ARCHITECT_WORKSPACE=/other/project architect run "PROMPT"
ARCHITECT_LOG_LEVEL=debug architect run "PROMPT"
Multiple configs with shell aliases
# In ~/.bashrc or ~/.zshrc
alias architect-dev='architect -c ~/configs/architect-dev.yaml'
alias architect-prod='architect -c ~/configs/architect-prod.yaml --mode confirm-all'
alias aresume='architect run -a resume --mode yolo --quiet'
alias areview='architect run -a review --mode yolo'
# Usage
aresume "explain this project"
areview "review src/auth.py"
architect-dev run "refactor config.py" -a build
11. MCP: remote tools
MCP (Model Context Protocol) allows the agent to use tools on remote servers.
mcp:
servers:
- name: github
url: http://localhost:3001
token_env: GITHUB_TOKEN
- name: database
url: https://mcp.company.com/db
token_env: DB_MCP_TOKEN
# MCP tools are discovered automatically
architect run "create a PR with the current changes" --mode yolo
# Disable MCP
architect run "PROMPT" --disable-mcp
# View available MCP tools
architect agents -c config.yaml
MCP tools are named mcp_{server}_{tool_name}. With parallel_tools=true, independent MCP tool calls execute in parallel, which is especially useful since they are network calls.
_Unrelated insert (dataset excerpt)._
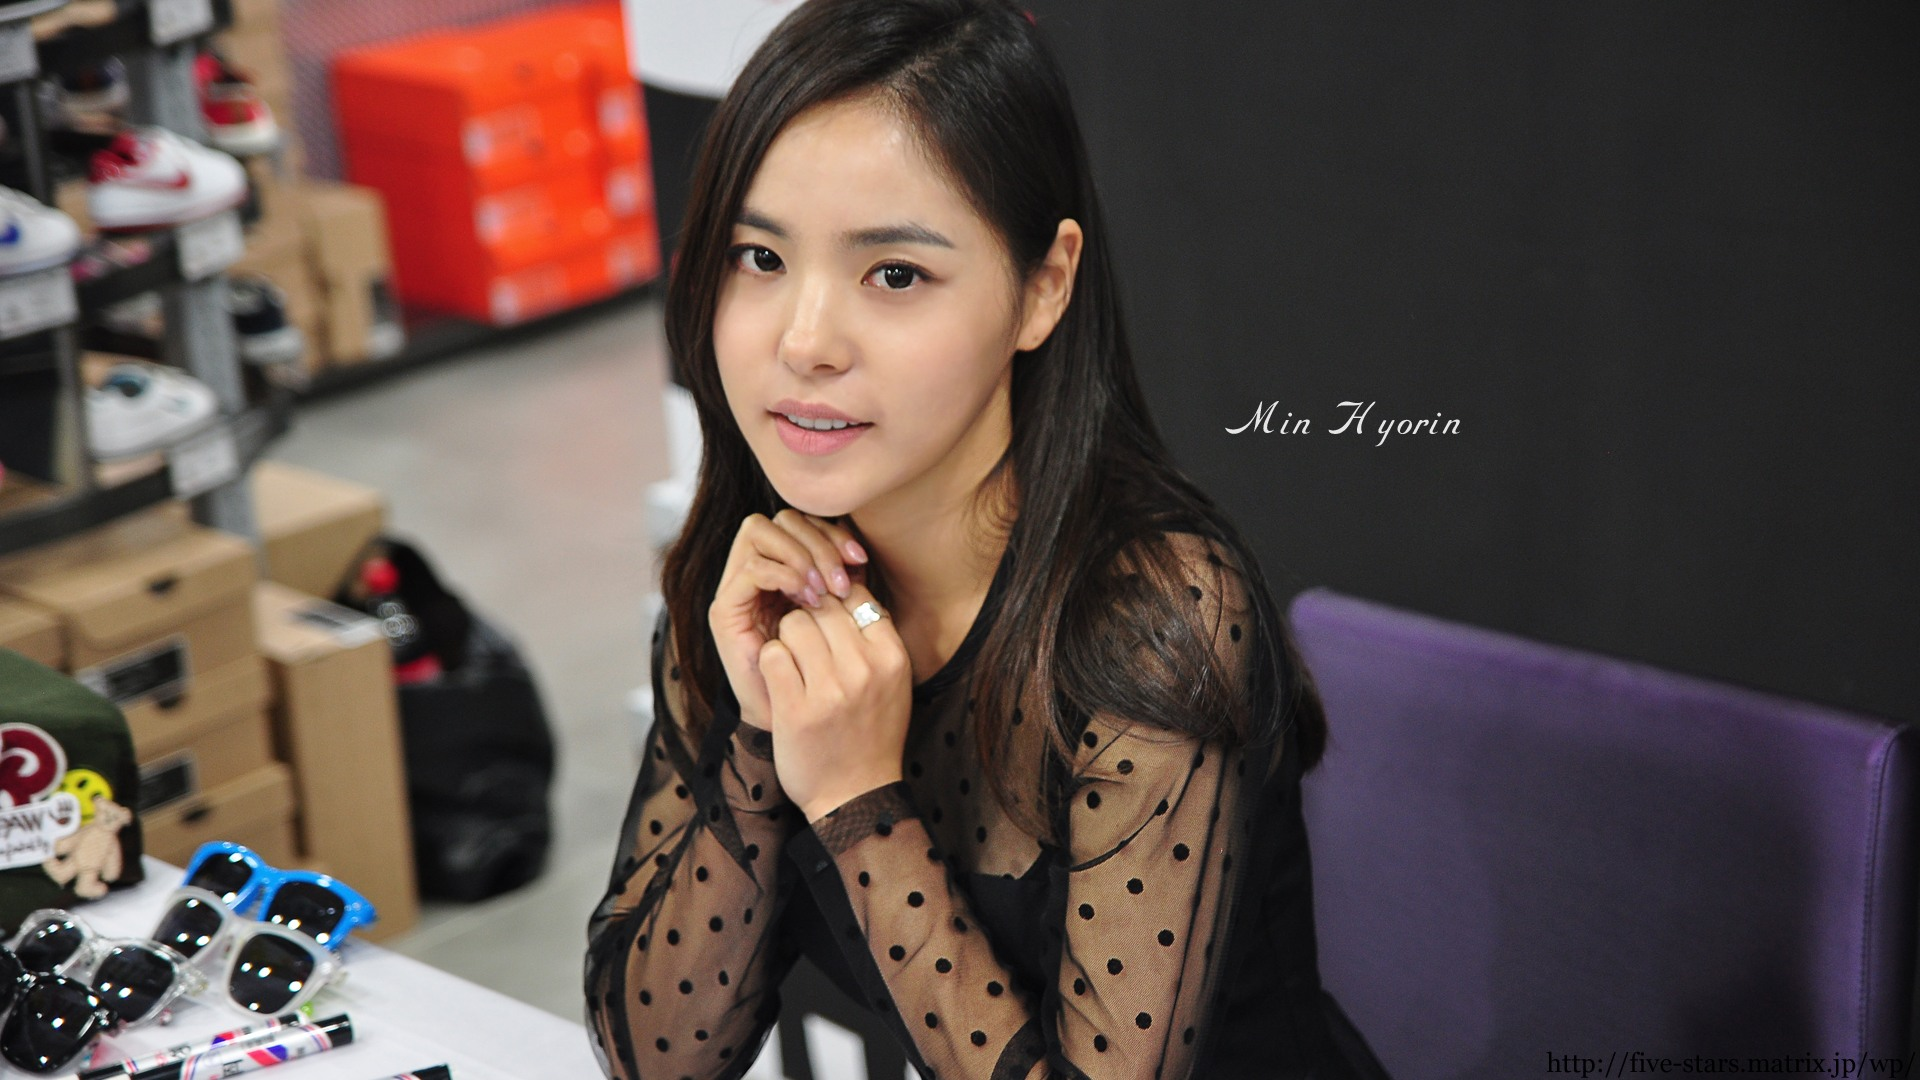 Min hyo rin dating
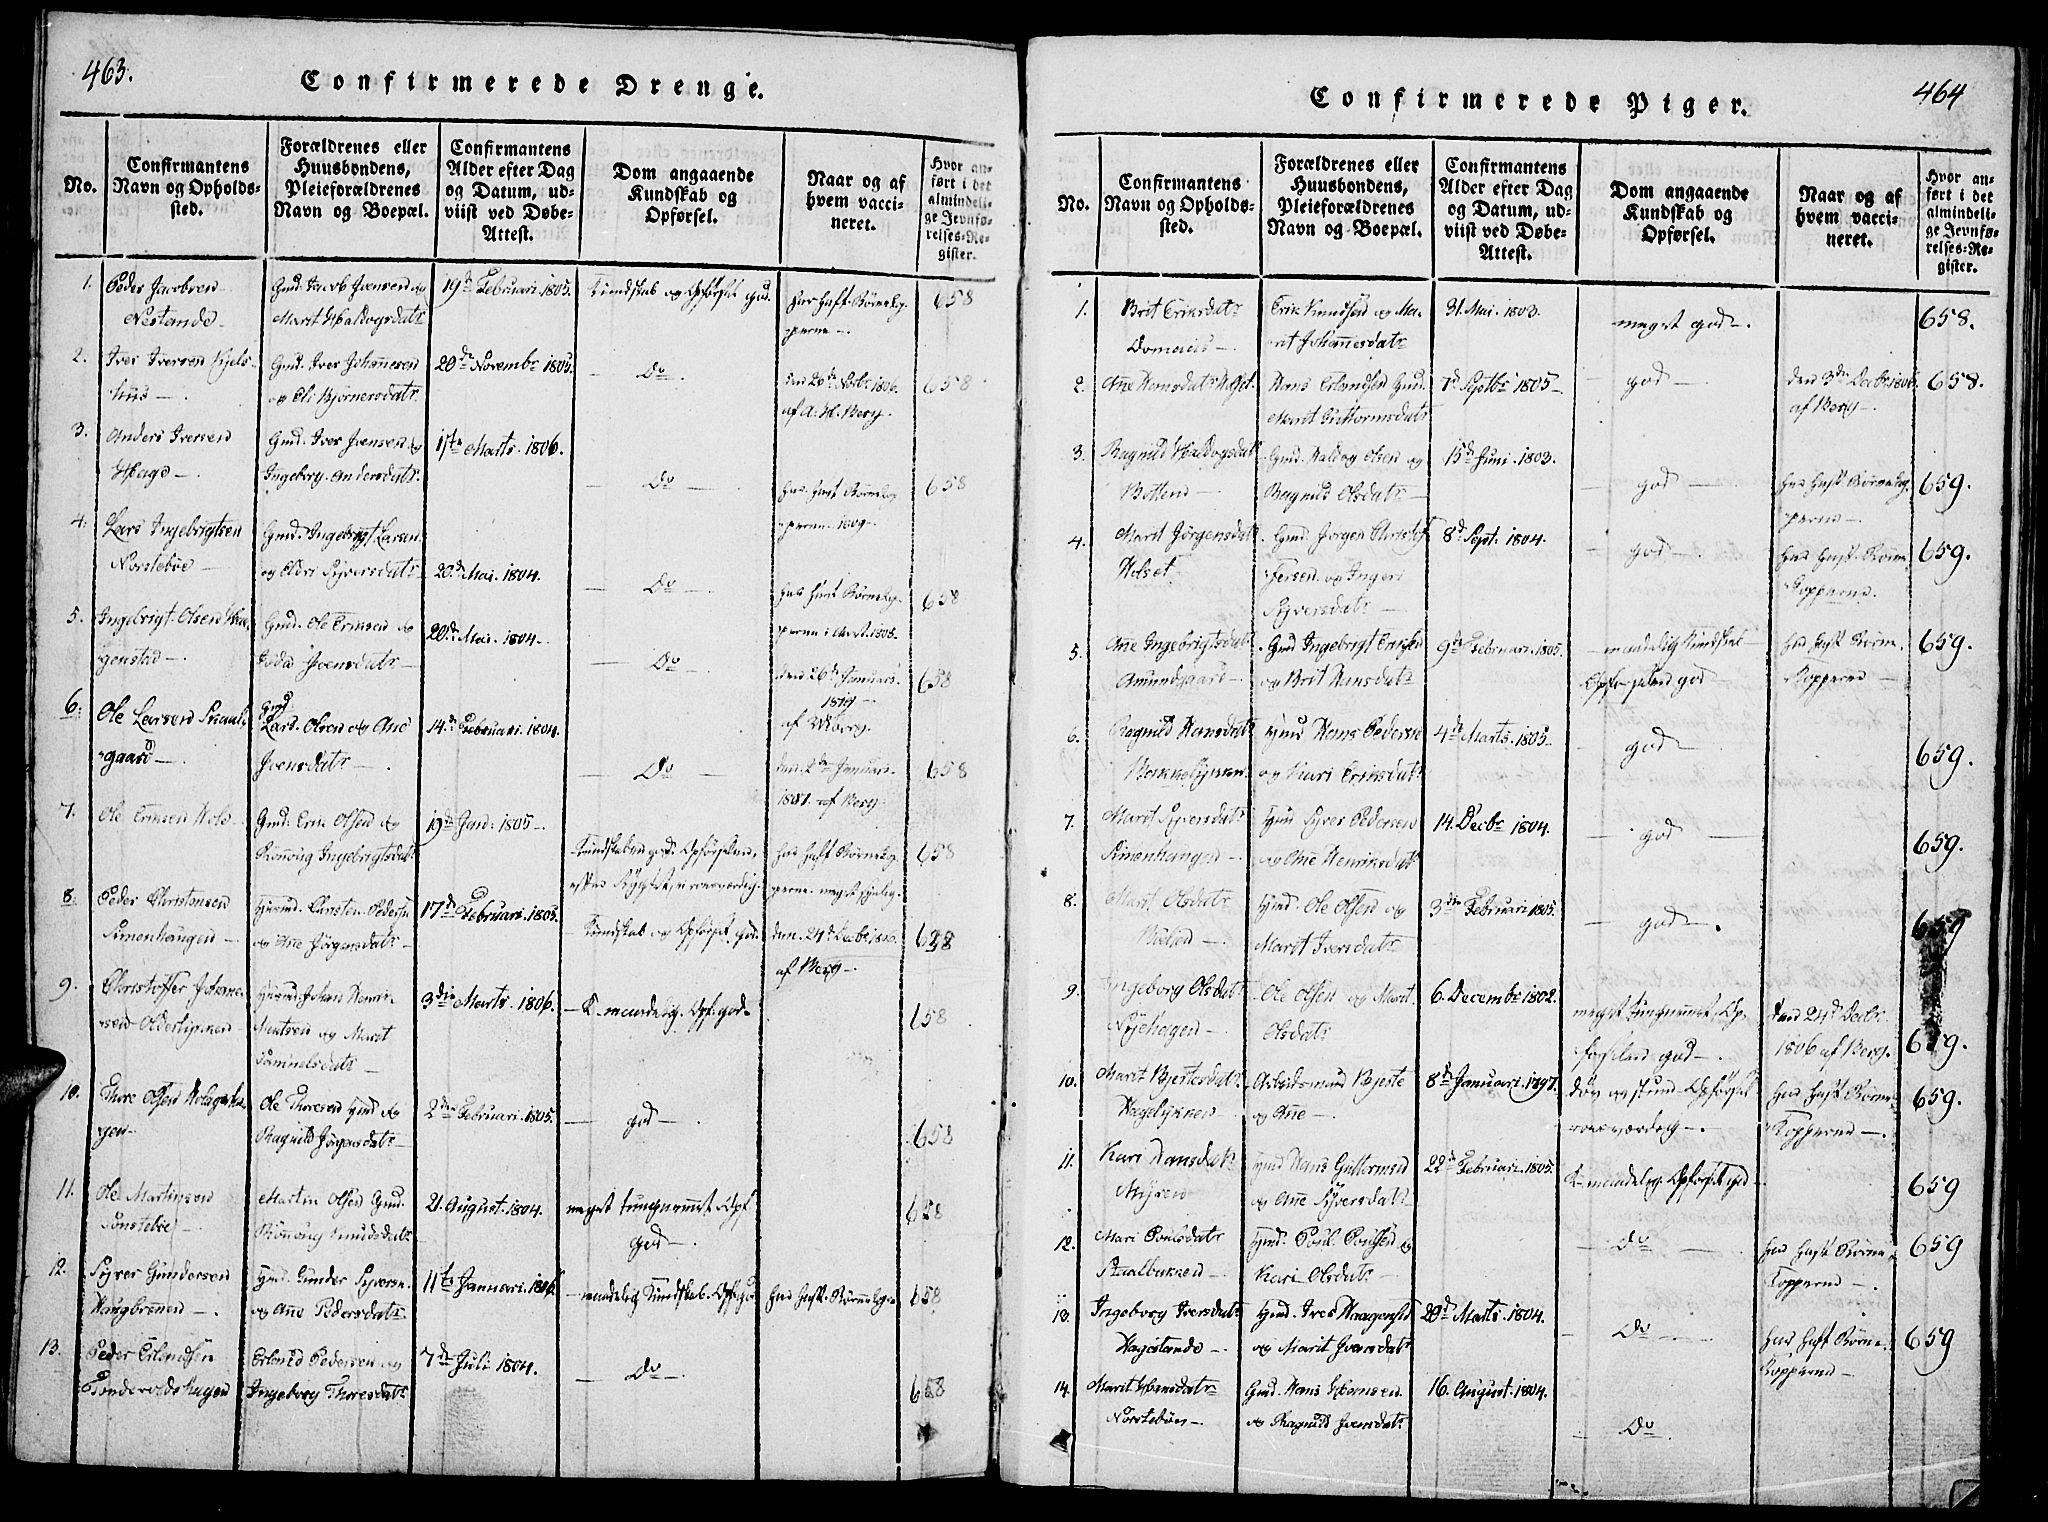 SAH, Lesja prestekontor, Ministerialbok nr. 4, 1820-1829, s. 463-464

Auto-injection in allowed_tools: Starting from v0.16.2, discovered MCP tools are automatically injected into the active agent’s allowed_tools. You don’t need to list them manually in the agent configuration — just configure the MCP servers and the tools will be available to any agent.
12. Incremental editing tools (F9)
Starting from v0.9.0, the build agent has more precise editing tools than write_file:
edit_file — exact text substitution
The agent can modify a specific code block without rewriting the entire file.
# Example: the agent will use edit_file to change a function
architect run "change the calculate() function in utils.py to accept float parameters" \
-a build --mode yolo
The agent internally:
- Reads the file with
read_file - Identifies the block to change
- Calls
edit_filewith the exact text to replace and the new text - Verifies the result
Advantages over write_file:
- Consumes fewer tokens (only sends the changed block, not the entire file)
- Lower risk of losing unrelated code
- The change diff stays in the LLM history
apply_patch — unified diff
For multiple changes in a file:
# The agent can apply multiple changes at once
architect run "update the logging API in all modules" -a build --mode yolo
The agent can generate a unified diff and apply it directly.
Controlling the editing strategy
The BUILD_PROMPT includes a priority table that the agent follows:
1. edit_file — a single contiguous change (preferred)
2. apply_patch — multiple changes or pre-existing diff
3. write_file — new files or complete reorganization
There is no CLI flag to force a strategy — the agent decides based on the task.
13. Indexer and search tools (F10)
Starting from v0.10.0, the agent knows the project structure from the very beginning.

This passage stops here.